Regular releases, whether annual or on longer schedules, tend to stick to what seems to be a script. Ubisoft games generally stick with an open-world, light RPG mechanics like skill trees, quest structures, and tons of collectibles. EA games are more varied, but like with Activision games, they play it safe. Shooters have a heavy focus on multiplayer and season passes for map packs, along with loot boxes for customization options now. Warner Bros. games are similar to Ubisoft, but with incredibly large, empty maps and ridiculous monetization tactics.
Before Call of Duty: WWII, the series focused on the far future. We went through a trend of grey/brown shooters. Remember the slew of zombie games? All the survival games on Steam now? And we’ve already seen the rise and decline (though not the death) of hero shooters.

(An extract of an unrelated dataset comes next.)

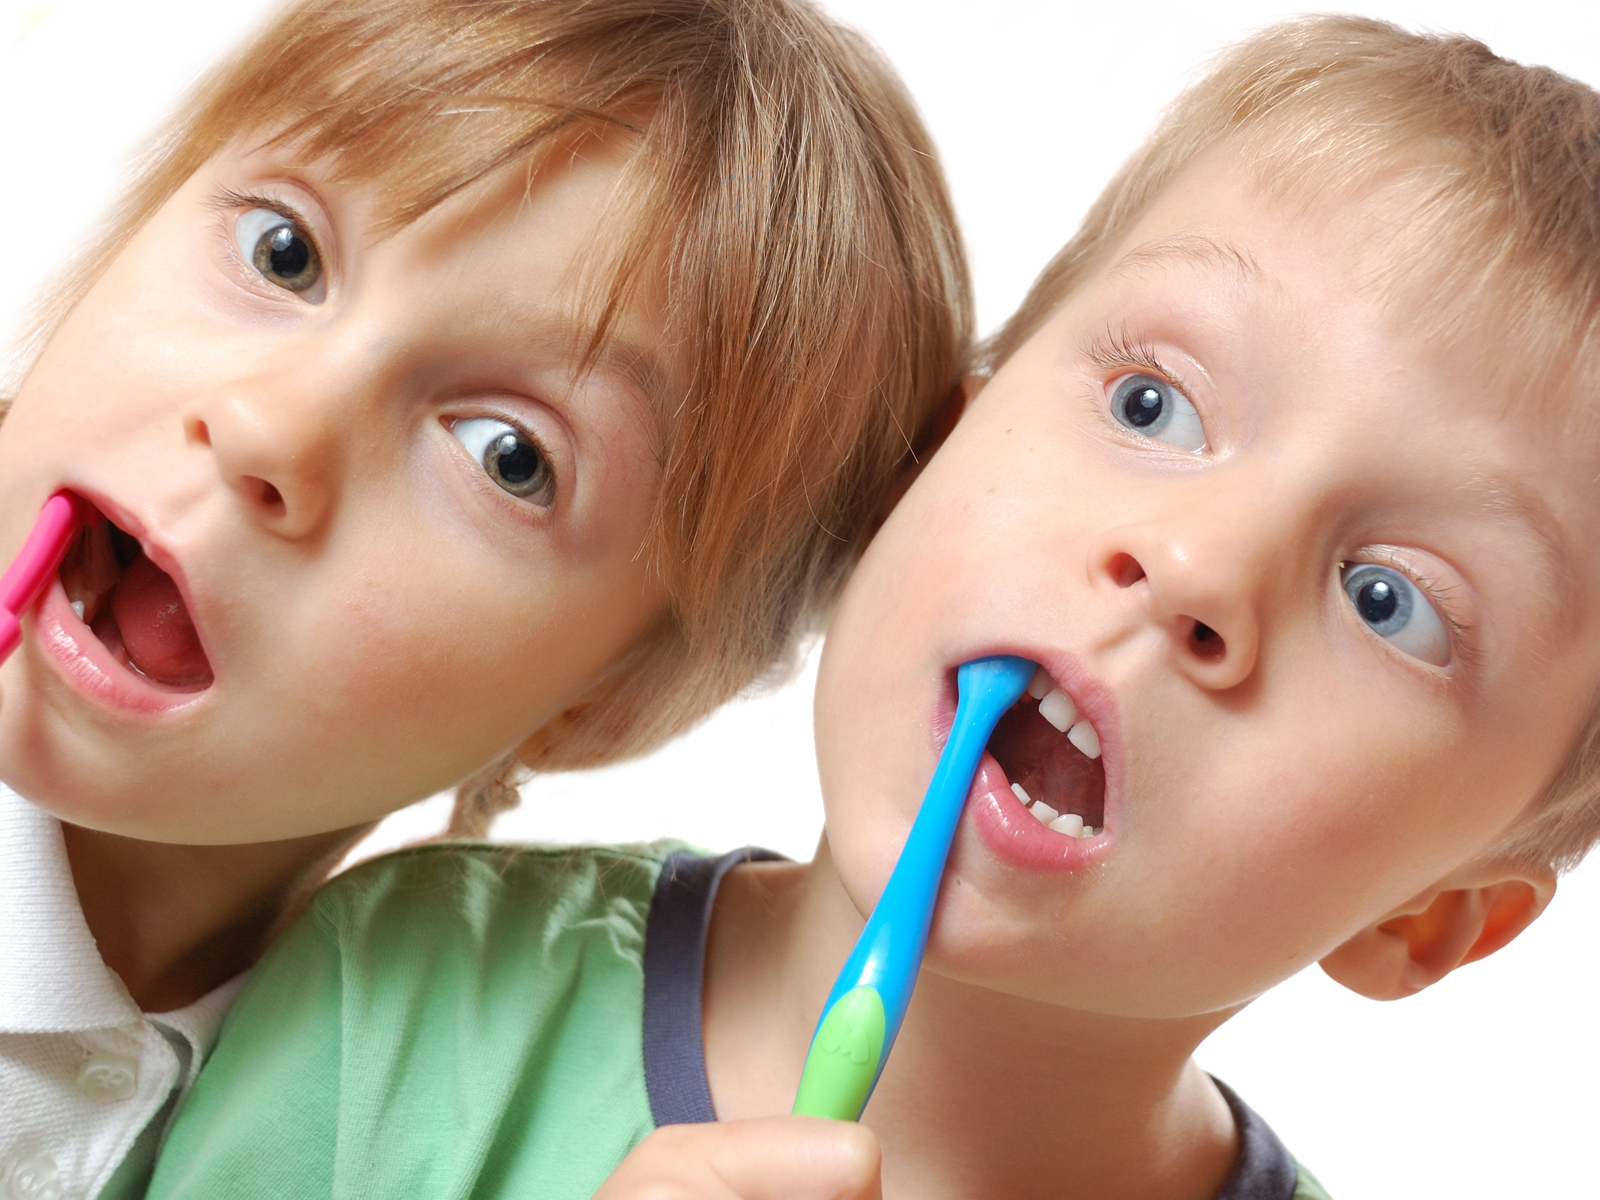 When should you introduce toothpaste to a child?

But look at the games which capture the attention of the gaming community. Dishonored, Hellblade: Senua’s Sacrifice, NieR: Automata, Horizon: Zero Dawn, The Last of Us, Kingdom Come Deliverance, The Long Dark, Subnautica, SUPERHOT, and others break away from the trends present today, and that’s partly what sets them apart. Gamers notice when a game doesn’t just try to capitalize on something that seems popular, and instead seems to be designed with an original idea in mind. They can tell when a game is crafted with passion, rather than a priority of trying to cash in. That doesn’t mean that every game released needs to be something fresh and new, just that there’s room in the market for difference.
Following a trend is fine if you have something to add to the equation, but there’s only so many ways you can design a cactus decoration.
What do you think? Obviously trends aren’t wholly a bad thing, but do you think game companies can do better, or is there nothing wrong with the way things are? Are there any games that you feel deserve more attention for bucking trends?